Commercial tube amps and preamps using switchers would include the various Berning designs, starting with the late-'70s TF-10 preamp. The TF-10 had quite a good reputation. Mine had a pretty good load of ultrasonic noise on the output, but otherwise worked well.
The supplies in these were pretty complicated, since the chip implementations were some years in the future.
The supplies in these were pretty complicated, since the chip implementations were some years in the future.
Somethign that one should be very wary of, w.r.t. EMC / EMI compliance of both COTS and some well-known audio manufacturer's use of SMPS.

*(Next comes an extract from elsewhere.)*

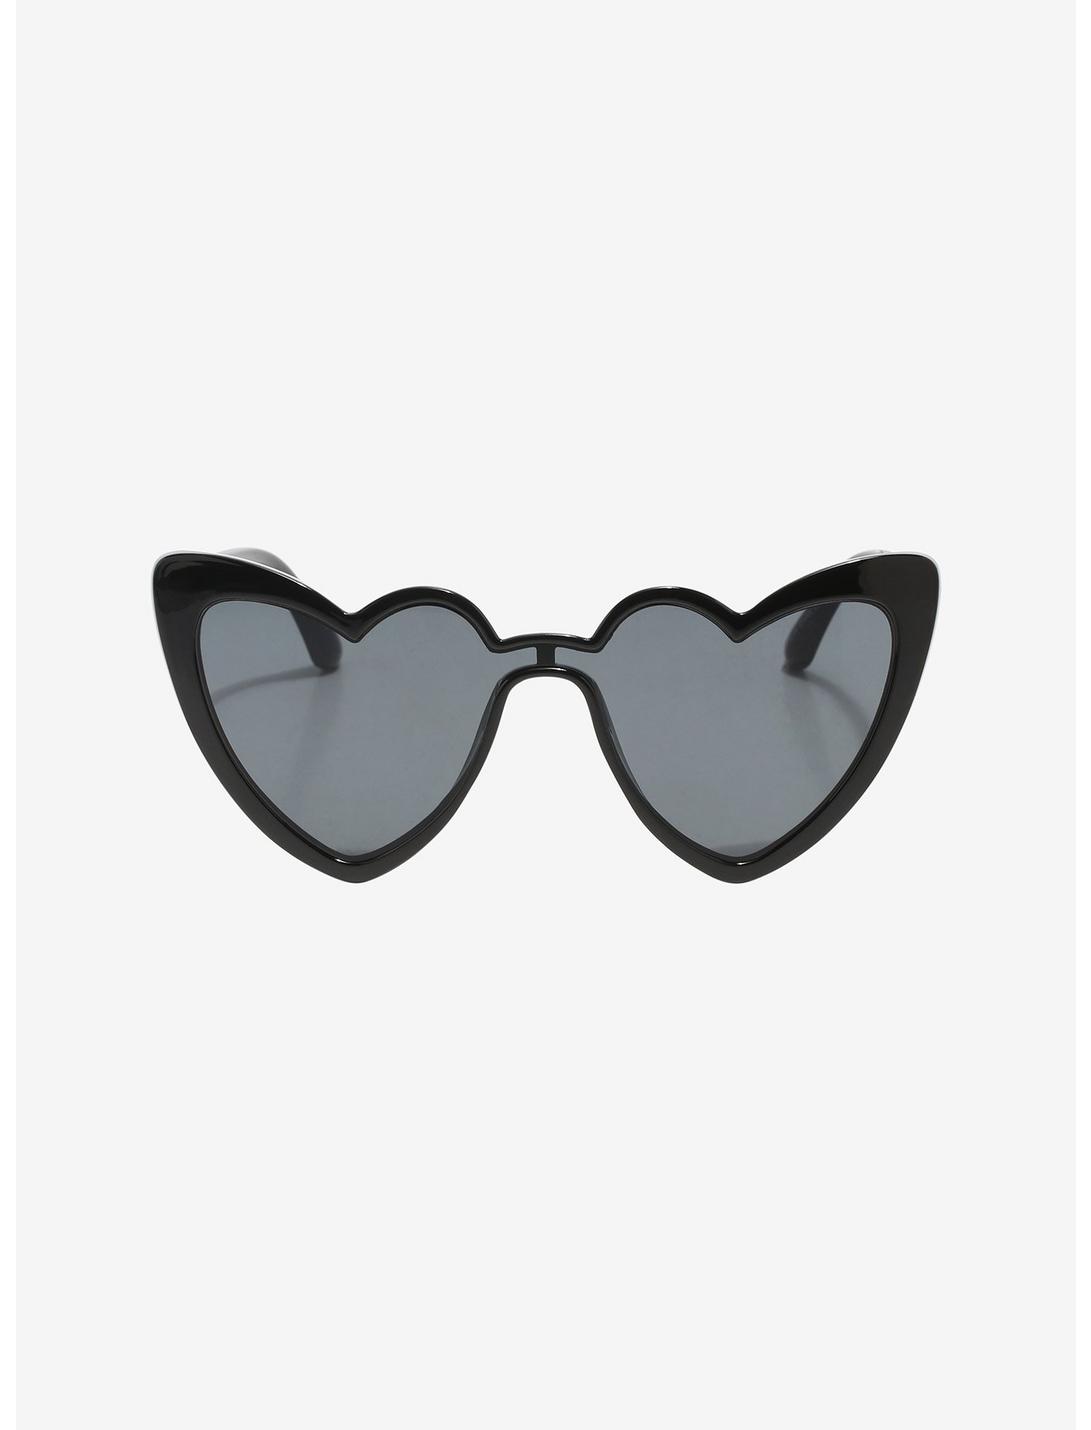 Black Heart Sunglasses, , hi-res
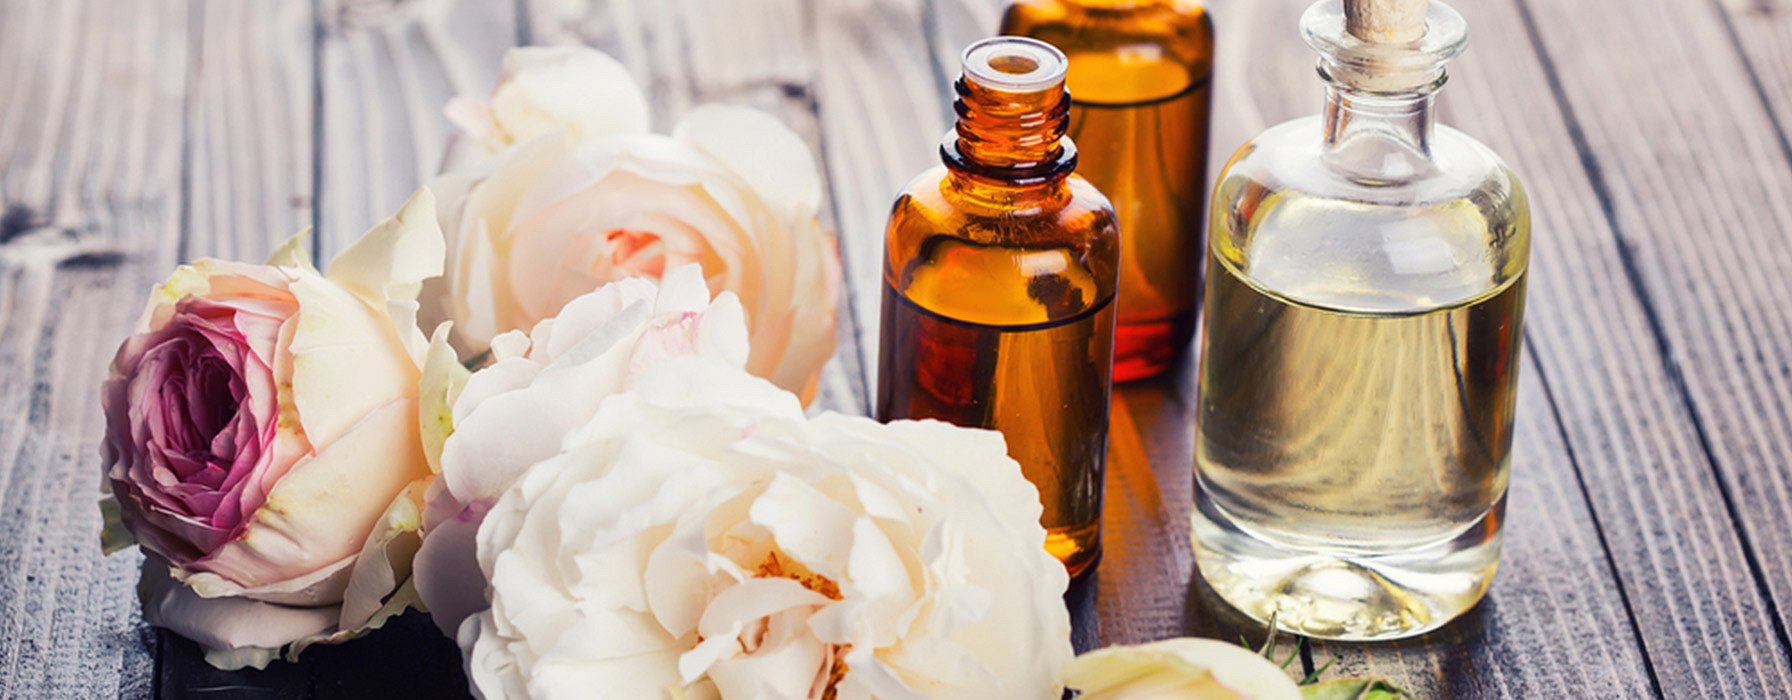 Parfums maison aux huiles essentielles – Panier des Sens

The EMC regulations are covered by various European EMC standards, and include a conducted emissions test, which measures noise from the equipment, conducted onto the mains, and a conducted susceptibility test, covering the sensitivity of the equipment to outside disturbance.
The standards comprise of limits, which vary in a frequency-dependant manner but which start at 150kHz!.
This means the noise levels at audio frequencies have no defined limits and are therefore open to severe abuse. Companies using SMPS technology can quite legitimately conduct high levels of noise, at audio frequencies, onto the mains, which can pollute the feed to other items.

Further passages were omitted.